Wednesday, May 28, 2014

The quest for new "conservative" ideas



In today's Bloomberg post, I get political:
If you’re a boxing fan, you’ve probably seen a video of Frazier vs. Foreman. It’s one of the most one-sided fights in history -- Frazier, who had conquered Muhammad Ali just two years earlier, gets knocked down six times in less than two rounds by the future barbecue-grill merchant. Again and again, Frazier fires his most fearsome weapon -- the famous left hook that had felled Ali. But this time, it wasn’t working. 
Watching Republicans come up with economic policy ideas reminds me a little of Frazier vs. Foreman. Tax cuts are the Republicans’ left hook -- the weapon that swept them to glorious victories in the Ronald Reagan years. Today, after having been knocked down twice by Barack Obama, the GOP is throwing its roundhouse again and again -- and just not connecting. 
The American Enterprise Institute’s James Pethokoukis sums up why the Republicans are so intellectually impotent:
A new manifesto making the rounds in conservative circles is ... a time-travel tale ... Activists hope that embracing supposedly timeless economic policies, such as tax cuts and balanced budgets, will unite and then ignite the Republican Party 
Not surprisingly, the conservative plan calls for a vague lowering of "tax rates for every taxpayer." ...But even with the Obama tax hikes, the top-marginal tax rate today is just 39.6 percent. And [for most people,] payroll taxes are what really count ... Moreover, lowering income taxes without offsetting spending cuts or higher taxes elsewhere — the plan offers neither — is unrealistic. And let's face facts: Coping with America's rising elderly population will require a higher national tax burden in coming decades even with a reformed entitlement system ...
If conservatives and Republicans desire a return to relevancy, then they can't offer today's voters reruns from the '80s and '90s in an attempt at solving yesterday's problems.
If you’re a conservative and you’ve lost the American Enterprise Institute, you’ve lost.
Read the whole thing here! Politically motivated comment trolls are welcome, of course.

50 comments:

  1. Anonymous10:30 PM

    Liberty is radical, and both parties hate it. No money in trusting people to run their own lives. Don't mistake the establishment Republicans for a lack of ideas, Noah. There is a powerful liberty movement growing, it's just that the one-party state hates the idea.

    ReplyDelete
    Replies
    1. James5:32 AM

      what you believe in is oligarchy, not liberty. Your leaders don't always make that totally clear though, as they are all liars.

      Delete
    2. And your leaders don't always make it clear that their solution is to give more resources to already powerful government(s). No oligarchy to see there, move along please.

      Delete
    3. Anonymous2:11 PM

      The problem with libertarians is that they want to minimize all the power structures humanity is controlled by, except the strongest and most dangerous one ever devised - money.

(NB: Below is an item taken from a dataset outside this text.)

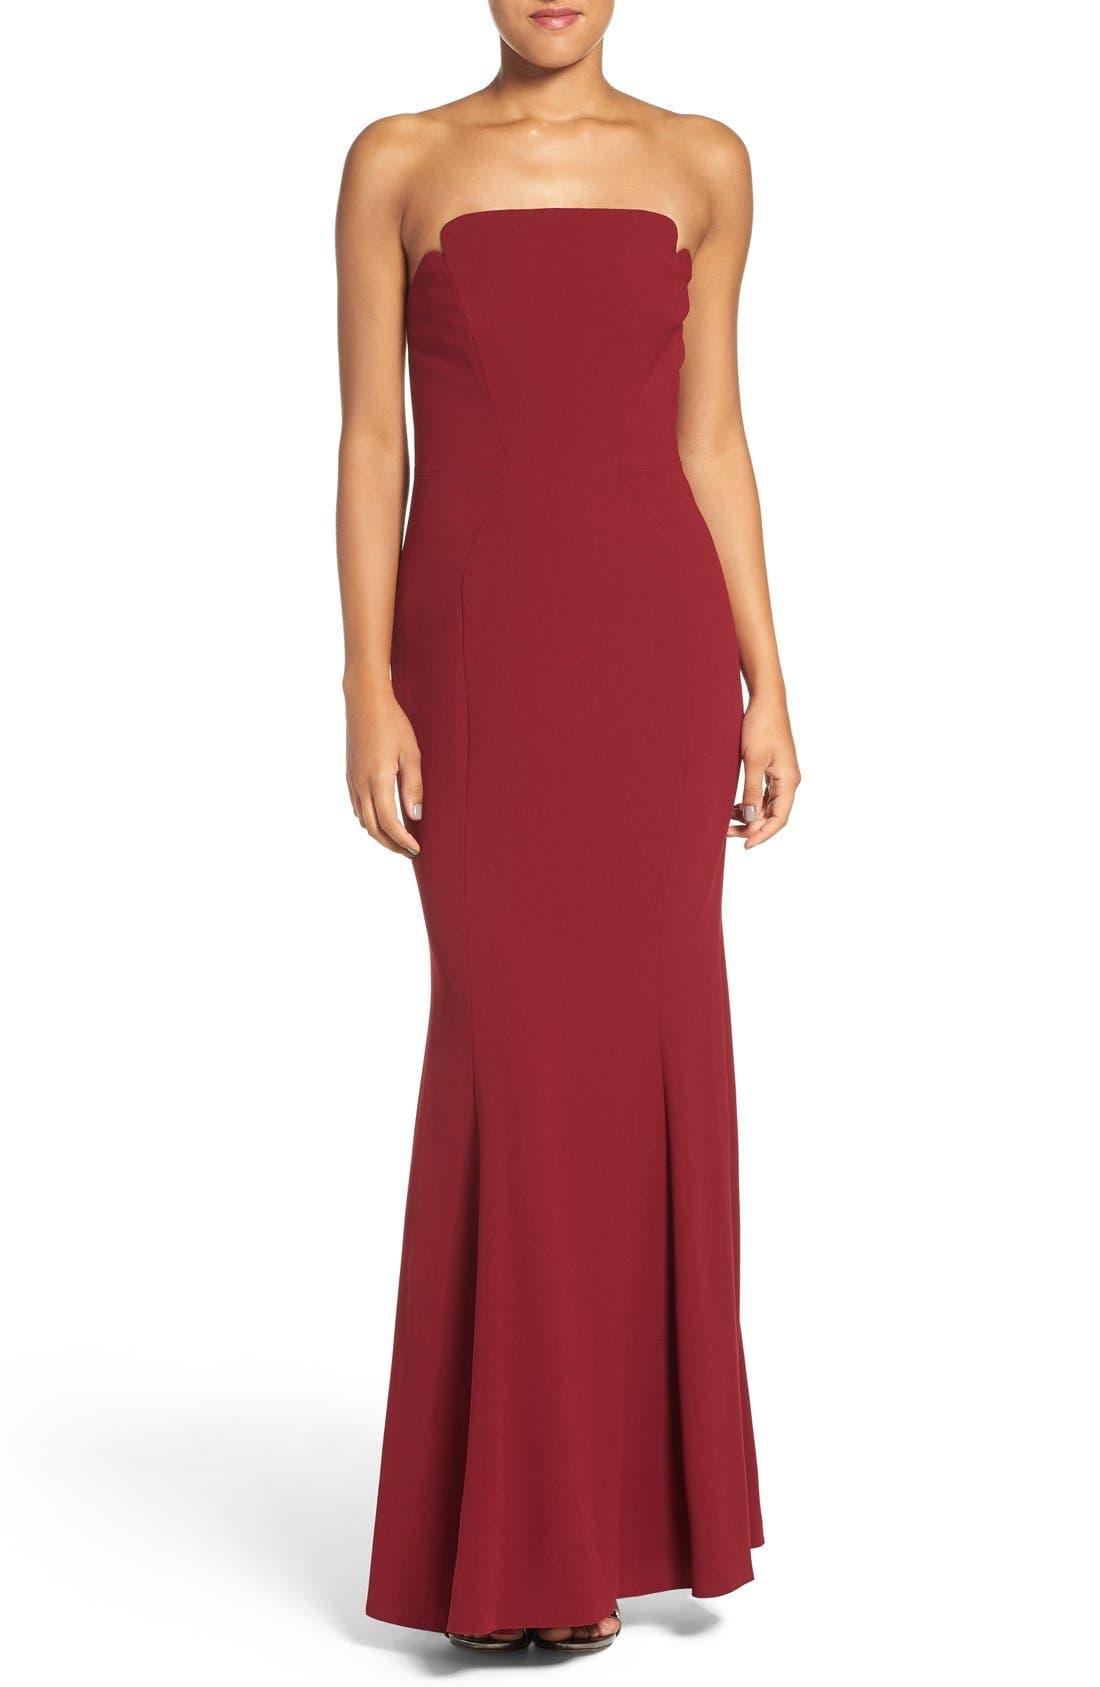 Alternate Image 1 Selected - Jill Jill Stuart Notched Strapless Gown

      Unfortunately, the libertarian socialist movement is practically non-existent since both State Communism and State Capitalism had a century of free reign to destroy it with.

      Delete
    4. Well the biggest libertarian socialist movement of the 20th century was coopted by the radical right insiders who effectively had all the populists and socialists killed. Which is why it is weird that the Nazi party was called socialists even though it was anything but.

      Delete
  2. Anonymous11:53 PM

    Libertarians and other children are so boring.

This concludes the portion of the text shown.